Although we have only been here a few years, those links with the past make us feel a lot less like strangers.

Our parish magazine recalls how early hunter-gatherers adept at curing and stretching animal skins may have used coracles on waterways like the Thames, where flint tools and Roman remains hark back to a time before the Norman invasion, when two manors became the focal points of local life.

A short wander along part of the Berkshire Loop of the Chiltern Way gives you glimpses of churches which have been holy places for a thousand years or more, of picturesque cottages in brick and flint, of deserted lanes where the sound of birdsong echoes above the cow parsley and wild garlic.

Sauntering down the Church Path footpath towards St Nicholas’ church at Hedsor on a fine spring evening, it’s not hard to imagine the Chilterns equivalent of Thomas Hardy’s Mellstock choir heading homewards with their instruments and lanterns for a celebratory pint or two.

Iron Age roundhouses and hillforts excavated in the Chilterns remind us how this part of England has been continuously inhabited for thousands of years, with more than 20 sites harking back to a more dangerous age where communities needed to keep their possessions and livestock safe from marauders.

The earthworks are virtually the only major constructions that have survived from this ancient time, although the Chiltern Open Air Museum has done its bit to recapture something of the atmosphere of life in those times.

The Romans trod these paths too, finding ways of crossing the Thames, while footpaths and bridleways often traverse routes well known as ancient droving routes along which thousands of cattle, sheep, pigs, geese and turkeys were once driven, or sunken lanes known as hollow-ways or holloways, thoroughfares worn into the landscape by cartwheels, hooves and feet across the centuries.

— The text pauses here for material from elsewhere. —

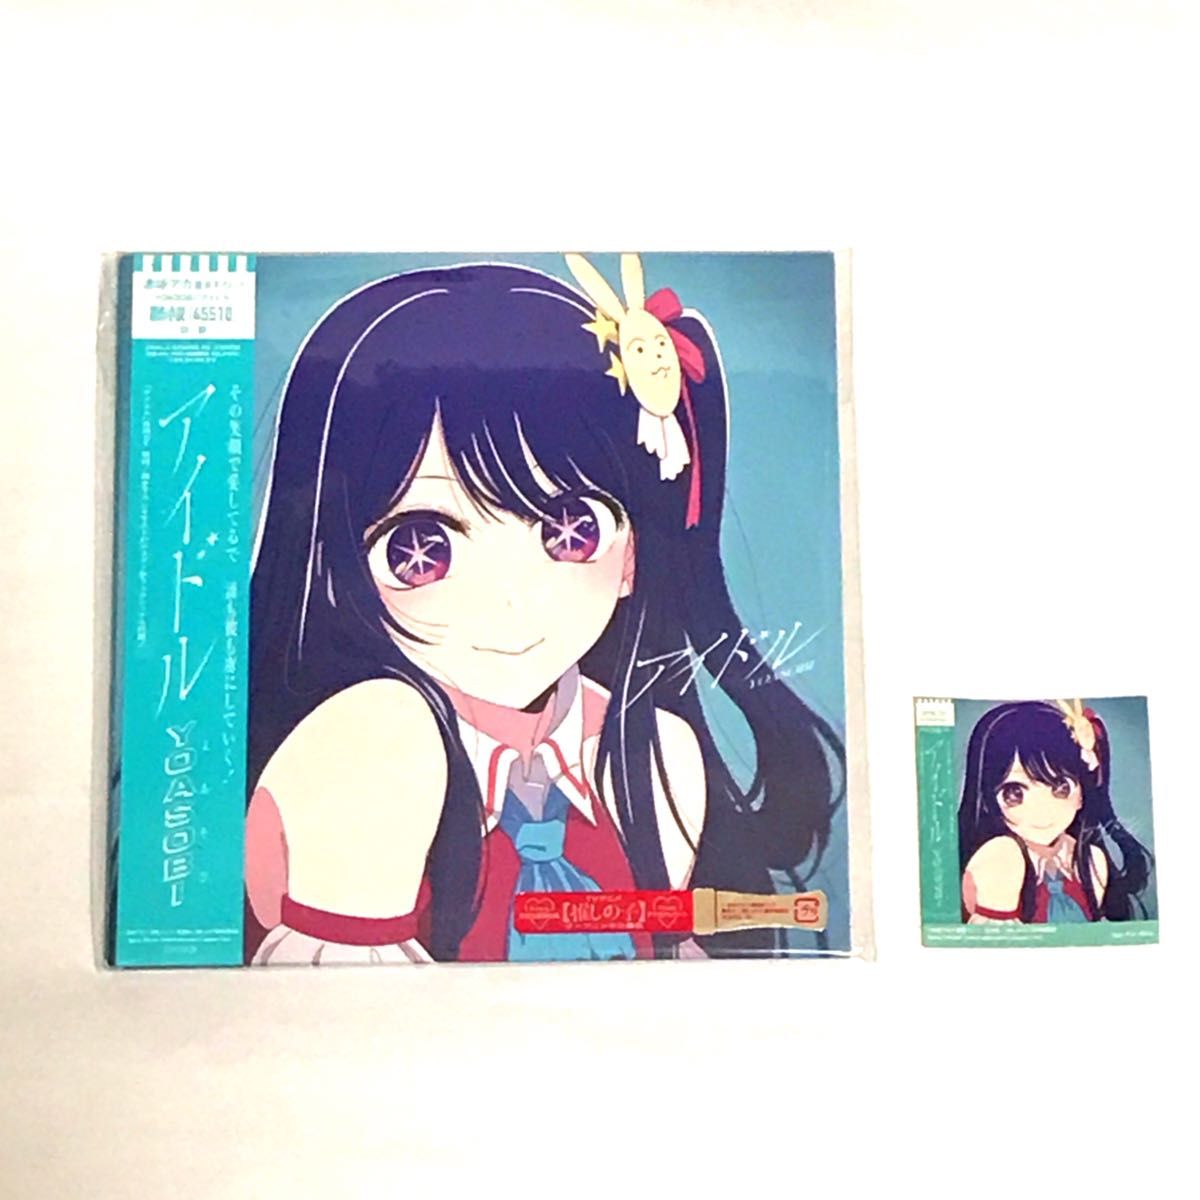 【新品未使用】 YOASOBI アイドル 7インチ アナログ盤 完全生産限定盤 ブックレット ステッカー付 LP レコード
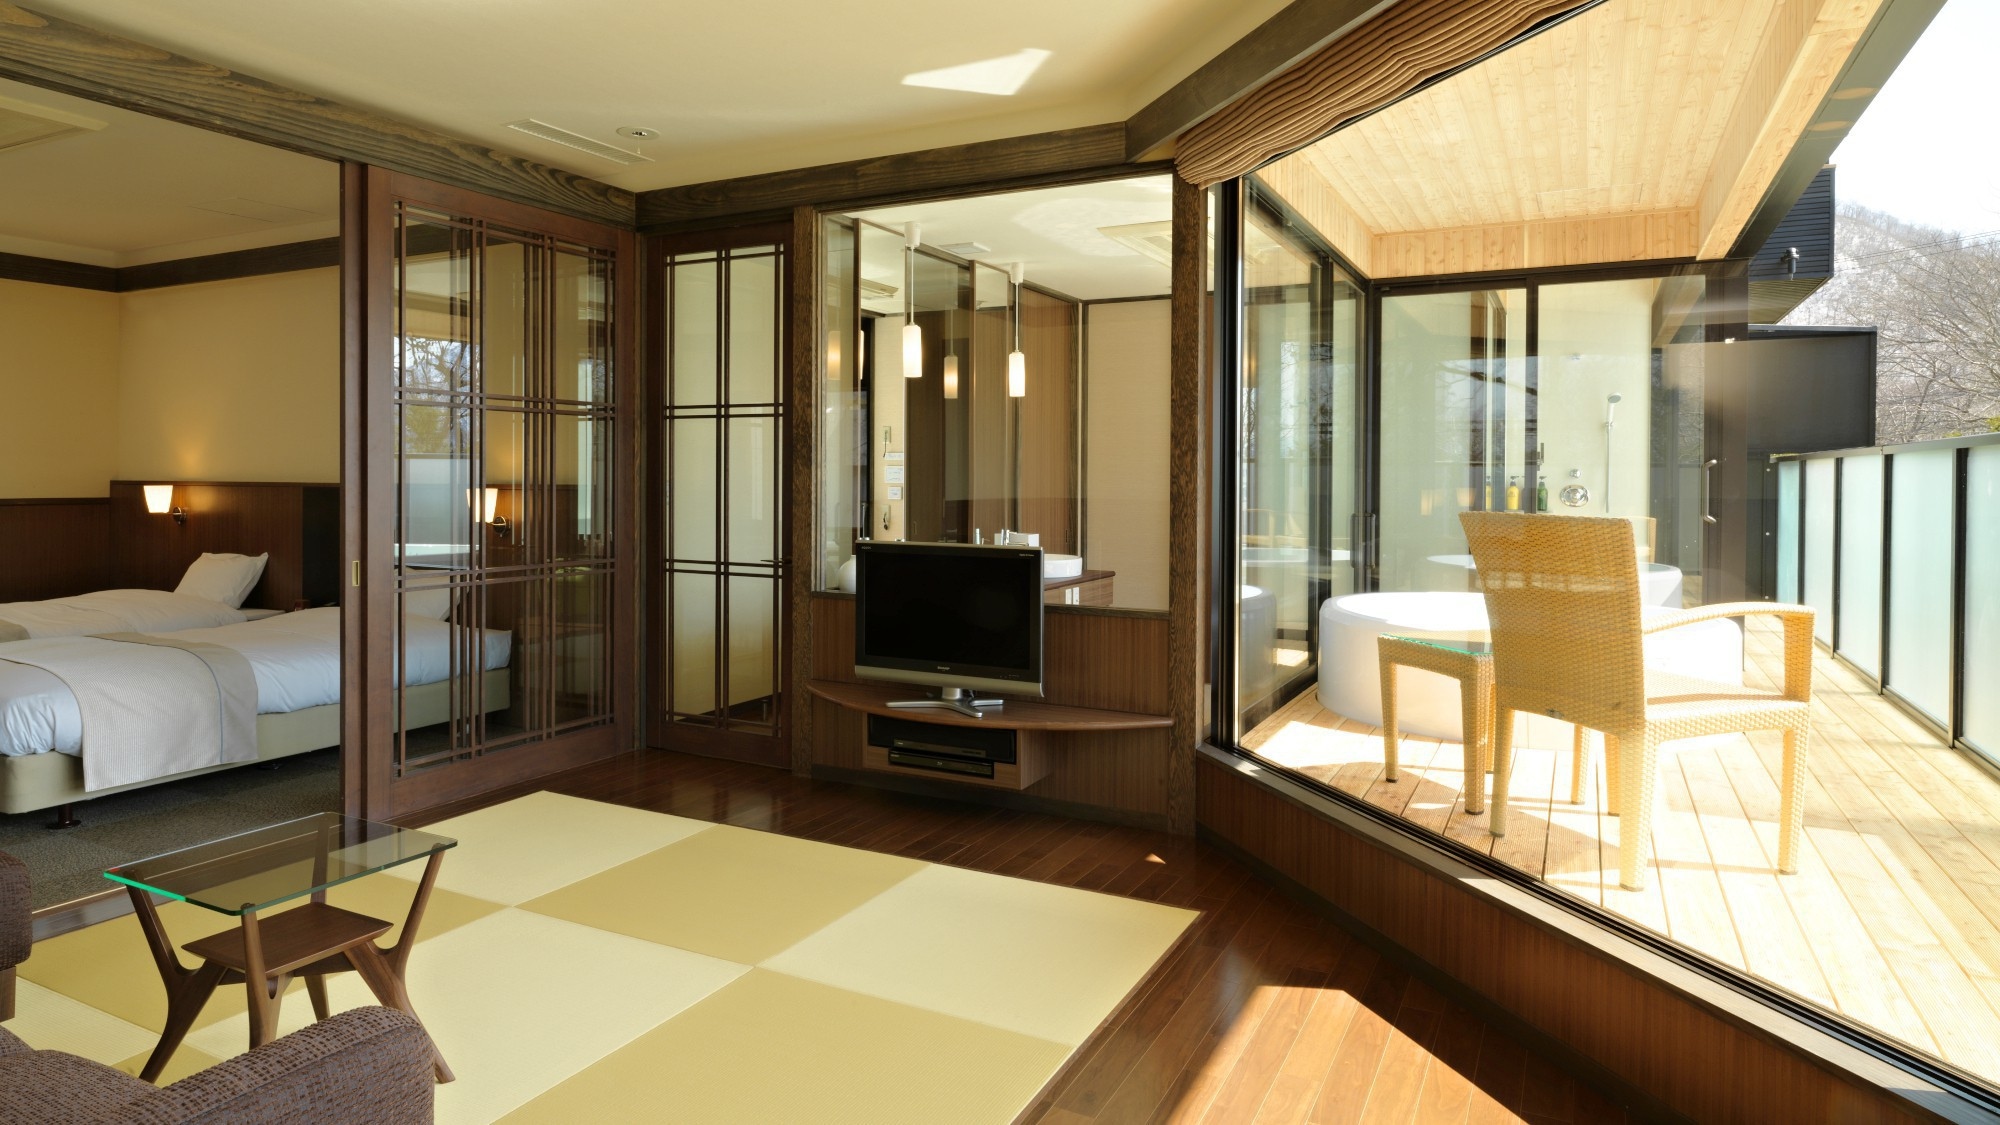 [Dengan kamar mandi observasi] Kamar Deluxe Jepang / Barat / Danau dapat dilihat dari jendela besar (contoh kamar tamu)

It’s a landscape of coaching inns and highwaymen tales and of ancient woodlands which supplied vast quantities of charcoal before canals allowed easier access to coal from the Midlands – and later allowed the furniture industry to flourish.

The carefully managed beech woods supplied excellent raw materials for chair-making for the rapidly-expanding industrial population of London and small workshops flourished in the villages around High Wycombe, with the Chiltern “bodgers” toiling in the woods to produce the millions of chair legs needed.

The bodgers and paper mills may be long gone, but the past is still very much alive in the landscape, with woodland still making up around a fifth of the AONB landscape, making it one of the most heavily wooded areas in England.

The influence of the industrial past is hard to ignore, from brick-making to chalk and gravel extraction, but in the depths of a bluebell wood it feels easier to relate to those varied individuals who walked these paths across the years, savouring the same ancient woodlands, downlands and commons.

London may not be far away – and of course the proximity of the capital contributed to the establishment of those small furniture factories, paper mills, orchards and watercress beds, as well as fuelling an influx of day trippers once the railways and Tube stations began to open.

So is it a problem not to have centuries of family tradition to fall back on to help appreciate this ancient landscape? Hopefully not. Like countless other newcomers, it’s been easy for us to fall in love with the Chilterns.

That’s as much to do with marvellous neighbours as the sweeping views, leafy lanes and wonderful wildlife, but it makes for a winning combination.

So thank you, all the locals, businesses and new friends who have made it so easy to love your “area of outstanding natural beauty” (and it is): there’s no place like home, they say, and this place certainly feels like home…from those sweeping views over the Vale of Oxford to the timeless paths meandering through the beech woods or the stolen glimpse of a tawny owl in the treetops.